Celebrate the milestones. When the piggy bank gets full, make it a moment. Count the money together. Let the child feel the pride of what they have built. Celebrate their discipline. This positive reinforcement cements the habit and makes saving feel not like a sacrifice but like an achievement.
Talk about what happens next. Use the piggy bank as a springboard into bigger financial conversations. What could we do with this money that would make it grow? What if, instead of spending it, we put it somewhere that pays us more money for keeping it there? This is how the concepts of saving accounts, interest, and eventually investing begin to make sense to young minds.
The Deeper Lesson: You Are Bigger Than Your Cravings
There is a deeper lesson hiding inside the piggy bank lesson. And it goes far beyond money.
When a child learns to walk past the sweet shop, feel the pull of wanting something, and choose to put their money in their savings instead — they are learning something profound. They are learning that they are not controlled by their impulses. That they can feel a desire and choose not to act on it. That they have power over themselves.
This lesson extends into every area of life. The child who can delay gratification with money is more likely to be able to delay gratification in other areas too. To study now for exams later. To put in the work now for the career they want later. To invest in relationships before expecting returns from them. To build before they spend. To earn before they enjoy.
Self-control is one of the most powerful forces a human being can develop. And the humble piggy bank is one of the earliest places where a child can begin practicing it.
Starting Young Makes All the Difference
There is a reason we talk about the piggy bank in the context of young people specifically.

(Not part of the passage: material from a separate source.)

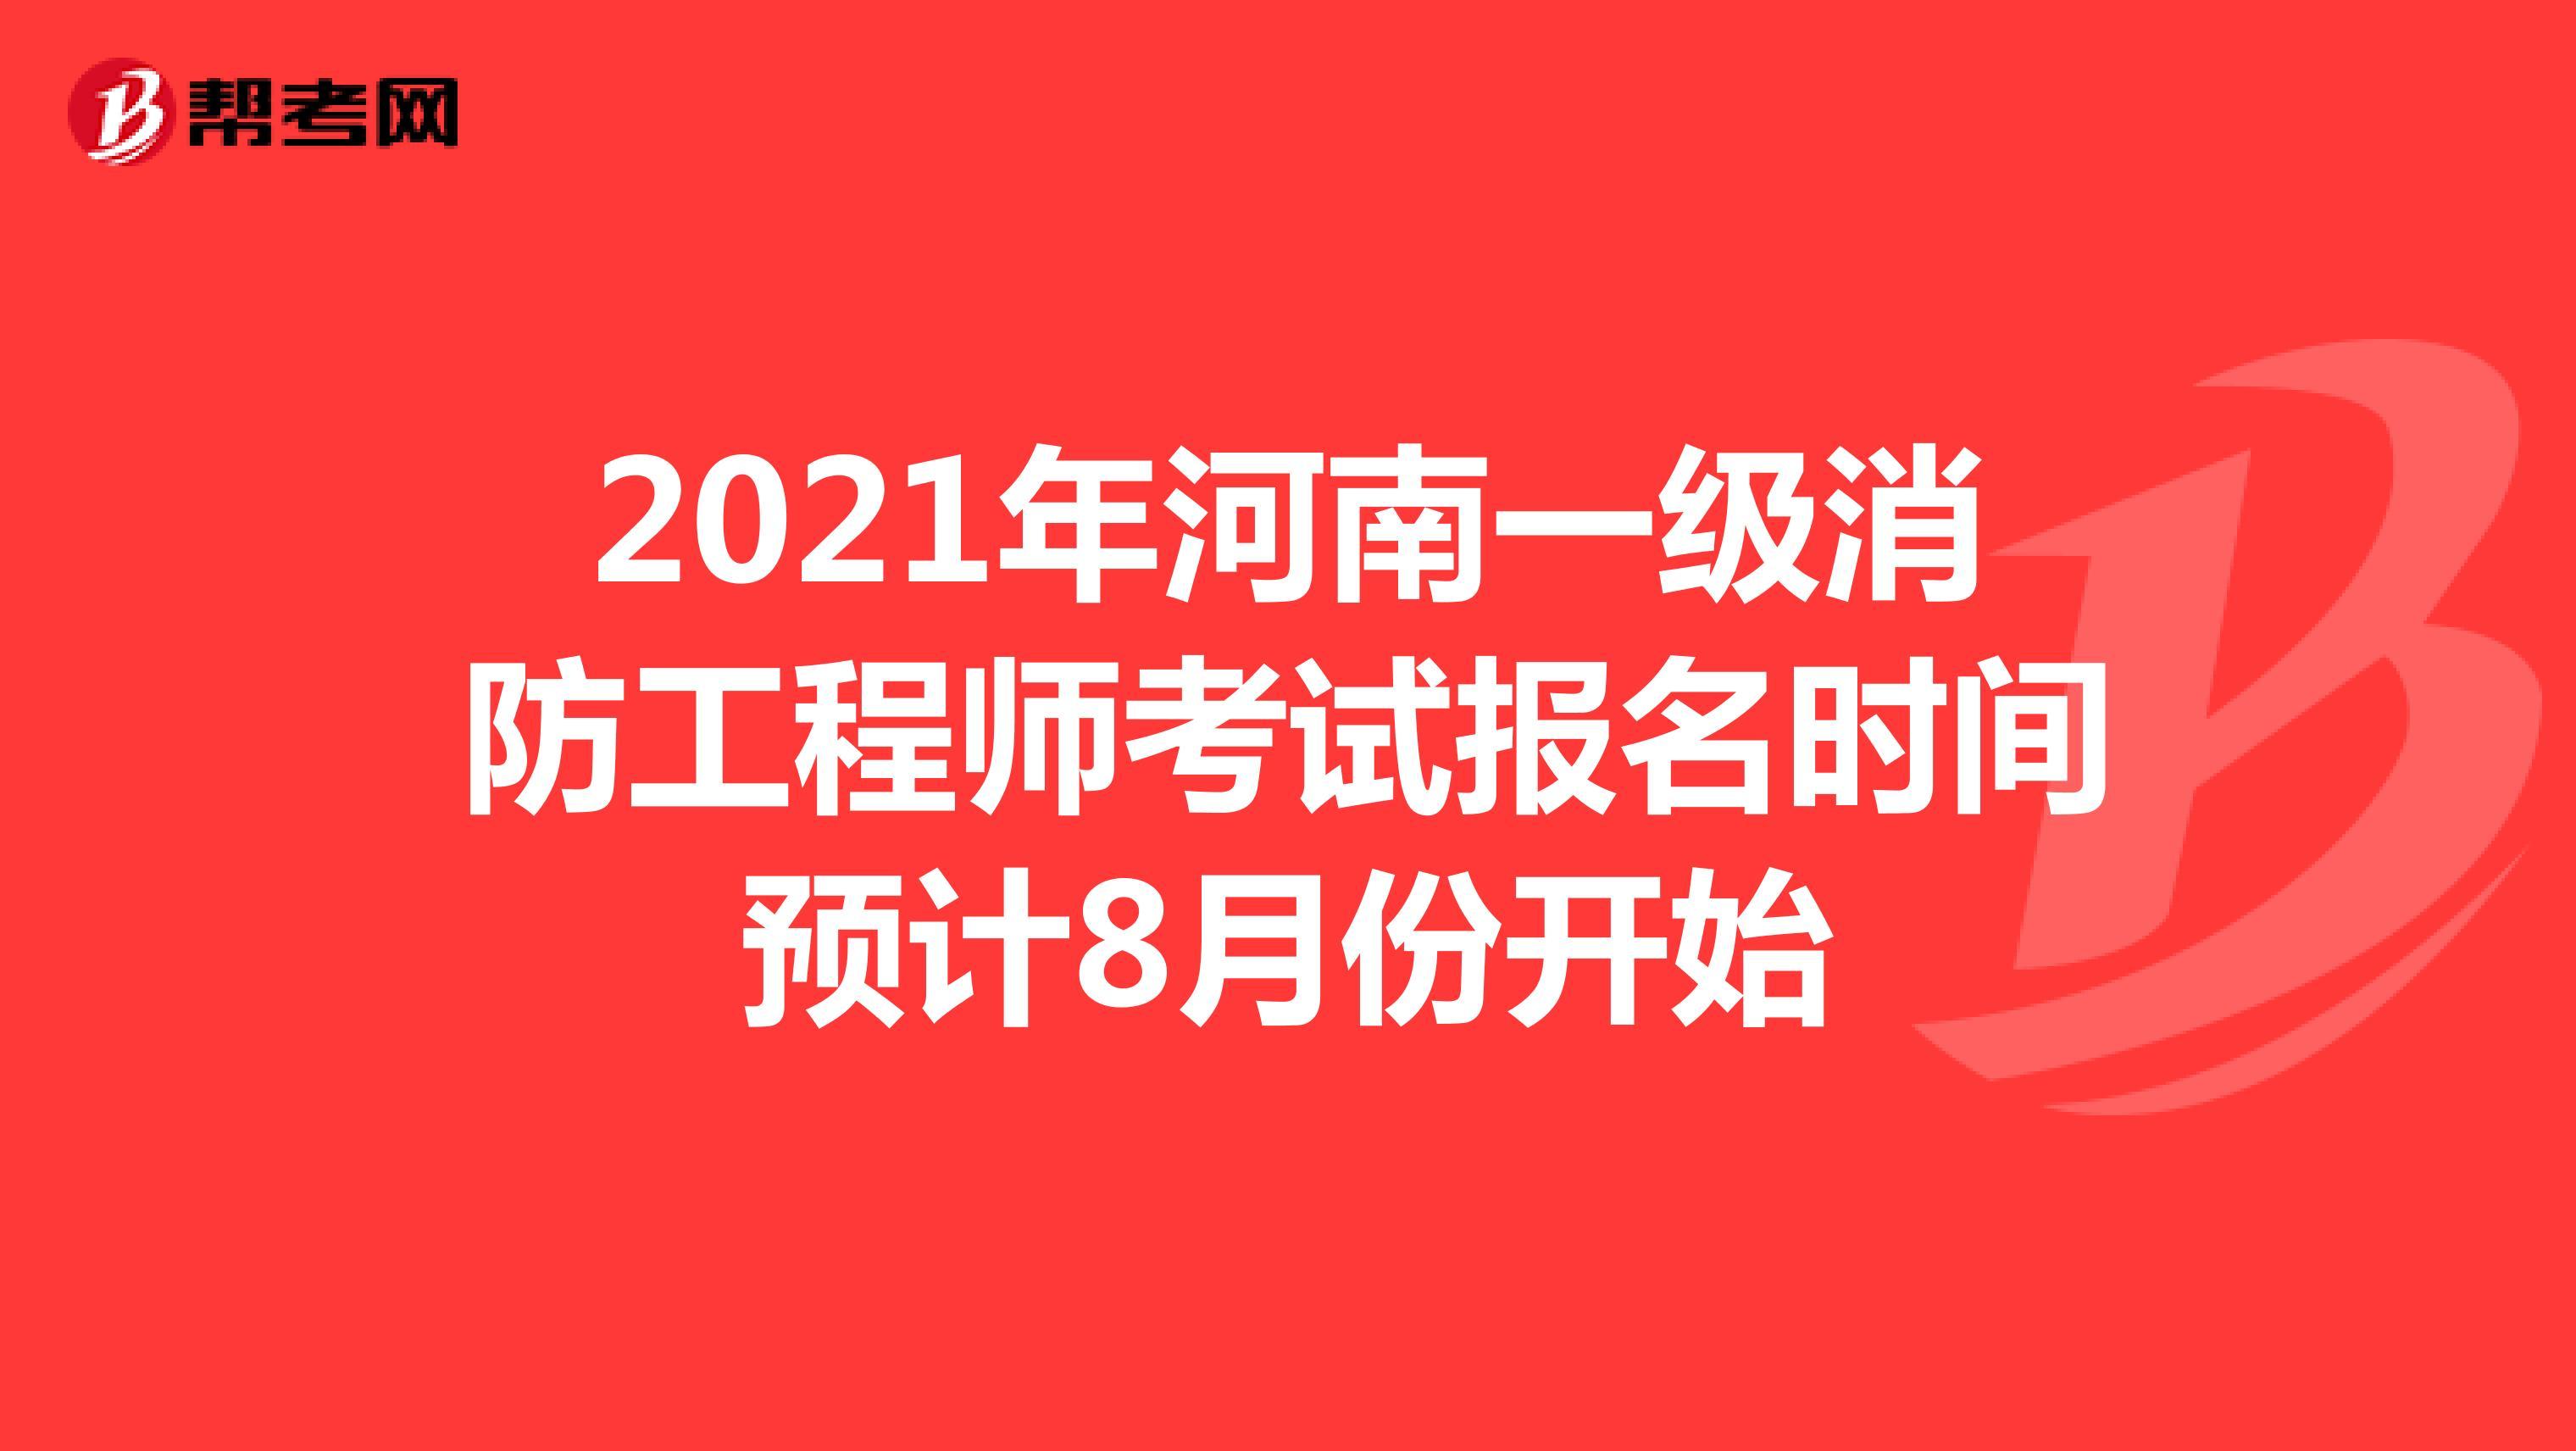 2021年河南一级消防工程师考试报名时间预计8月份开始
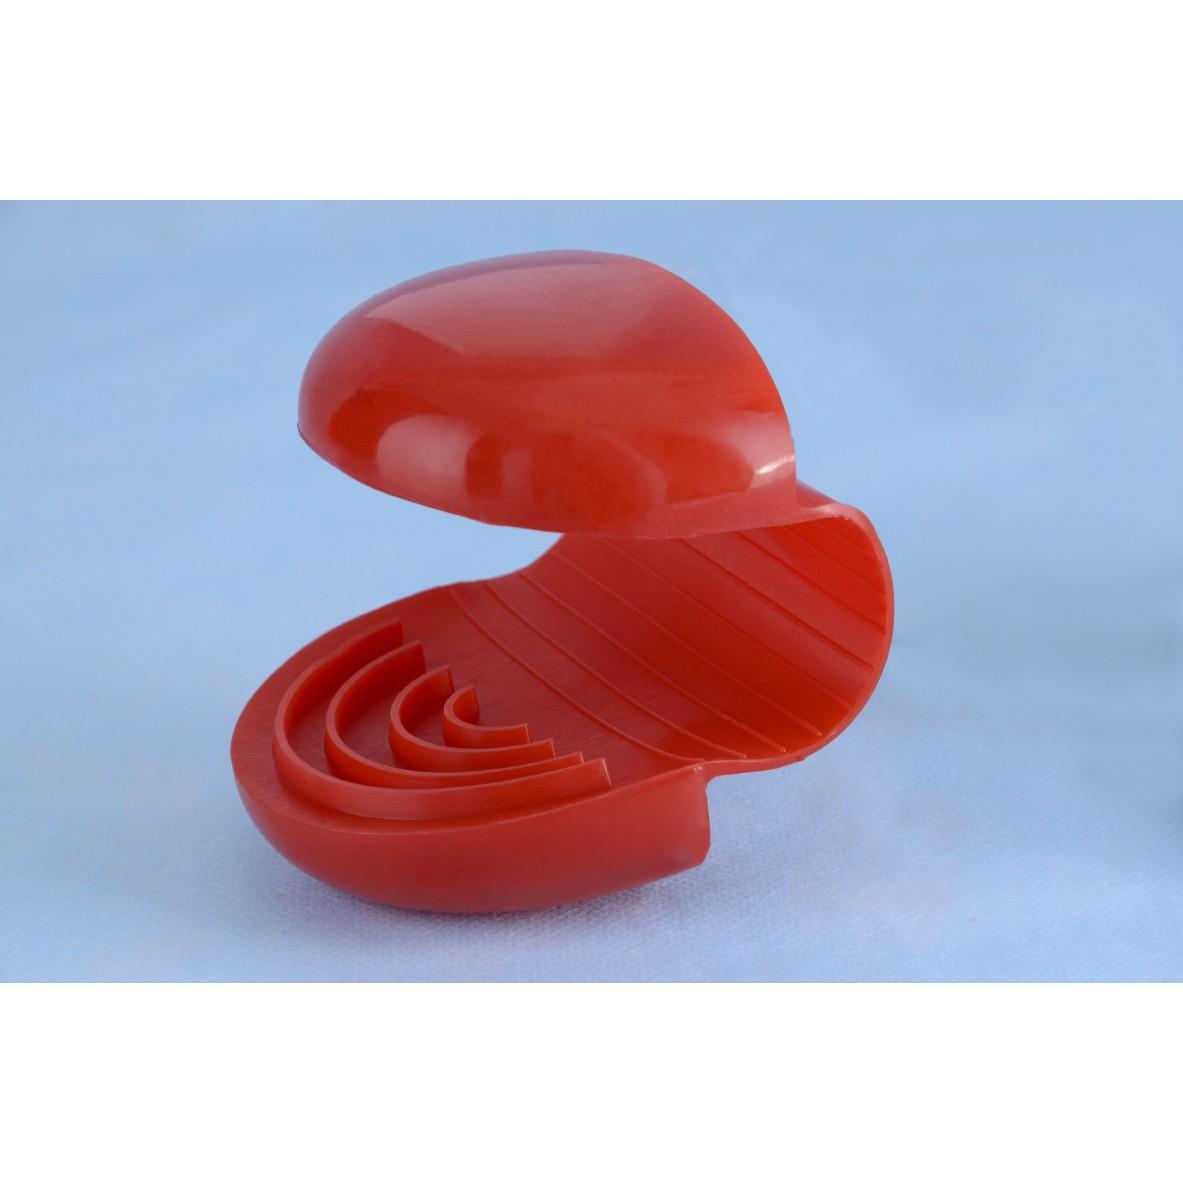 Protetor de Silicone para mãos  - loja.laborglas.com.br

The habits formed in childhood and teenage years are the hardest to break and the easiest to build on. A teenager who has already developed a saving habit, who already thinks of themselves as financially responsible, has an enormous advantage when adult financial decisions begin to arrive: first jobs, first salaries, first major expenses.
Contrast this with the adult who reaches their mid-thirties having never developed any saving habit at all. They may want to save. They may understand intellectually that they should. But the habit was never built, and building it now requires fighting years of deeply ingrained patterns. It is possible, but it is much harder.
Give a child the gift of the piggy bank habit early, and you are giving them something that will compound — financially and personally — for the rest of their life.
A Simple Object with an Extraordinary Legacy
Do not underestimate what sits on that shelf.
Every time a young person drops a coin into their piggy bank, they are making a small vote for the person they want to become. They are choosing their future self over their present impulse. They are practicing discipline. They are building an identity as a person who manages money with wisdom and intention.
These small votes, cast again and again over months and years, add up to a character. And that character — disciplined, intentional, forward-thinking — is the foundation on which lasting financial freedom is built.
The piggy bank is not just a toy. It is a training ground. It is the first chapter of a financial story that can end in freedom, stability, generosity, and impact.
Make sure every young person in your life gets to start that story early.